COMMONWEALTH OF MASSACHUSETTS APPEALS COURT
Apr 2, 2020
97 Mass. App. Ct. 1108 (Mass. App. Ct. 2020)

Opinion

19-P-80

04-02-2020

Craig LANE v. ESSEX COUNTY CORRECTIONAL OFFICERS ASSOCIATION.


MEMORANDUM AND ORDER PURSUANT TO RULE 1:28

Craig Lane, the former president of the executive board (board) of the Essex County Correctional Officers Association (union), appeals from the dismissal of his complaint against the union. See Mass. R. Civ. P. 12 (b) (6), 365 Mass. 754 (1974). His complaint alleged that the union breached both its contract with him, and its implied covenant of good faith and fair dealing; he sought both damages and reinstatement as the union's president. We vacate the judgment dismissing the complaint.

While the docket reflects both the judge's order allowing the defendant's motion to dismiss and an entry of "summary judgment" for the defendants, the judge's memorandum of decision is clear that she decided the motion under rule 12, and did not convert the defendant's motion to dismiss to one for summary judgment.

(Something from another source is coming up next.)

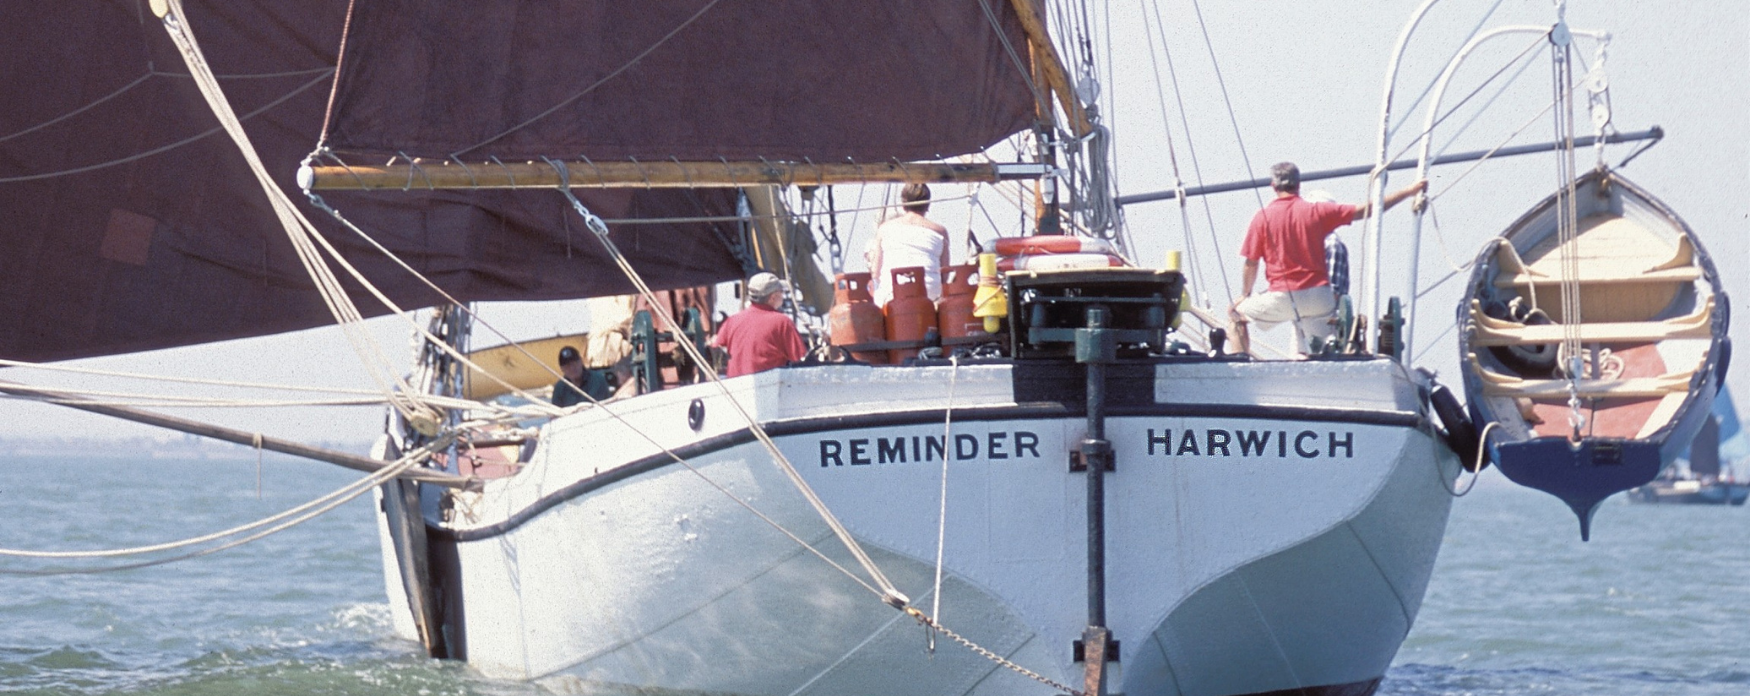 Barge Reminder at Maldon

Background. We summarize the facts as Lane alleged them in his complaint. The defendant union is an independent labor organization representing employees of the Essex County sheriff's department (department). Lane was elected to the position of president of the union's board in November, 2015. In or around April, 2016, Lane registered and declared his candidacy for the elected position of sheriff of Essex County. After Lane registered as a candidate for sheriff, the board removed him from his position on the board without prior notice and without due process pursuant to the contractual constitution and bylaws of the organization.

Discussion. We review an order allowing a motion to dismiss under Mass. R. Civ. P. 12 (b) (6) de novo, taking the allegations of the complaint as true and drawing all reasonable inferences in the plaintiff's favor. See Coghlin Elec. Contrs., Inc. v. Gilbane Bldg. Co., 472 Mass. 549, 553 (2015). To survive a motion to dismiss, the plaintiff must demonstrate a right to relief above the speculative level -- the pleadings must set forth factual "allegations plausibly suggesting (not merely consistent with) an entitlement to relief." Iannacchino v. Ford Motor Co., 451 Mass. 623, 636 (2008), quoting Bell Atl. Corp. v. Twombly, 550 U.S. 544, 557 (2007).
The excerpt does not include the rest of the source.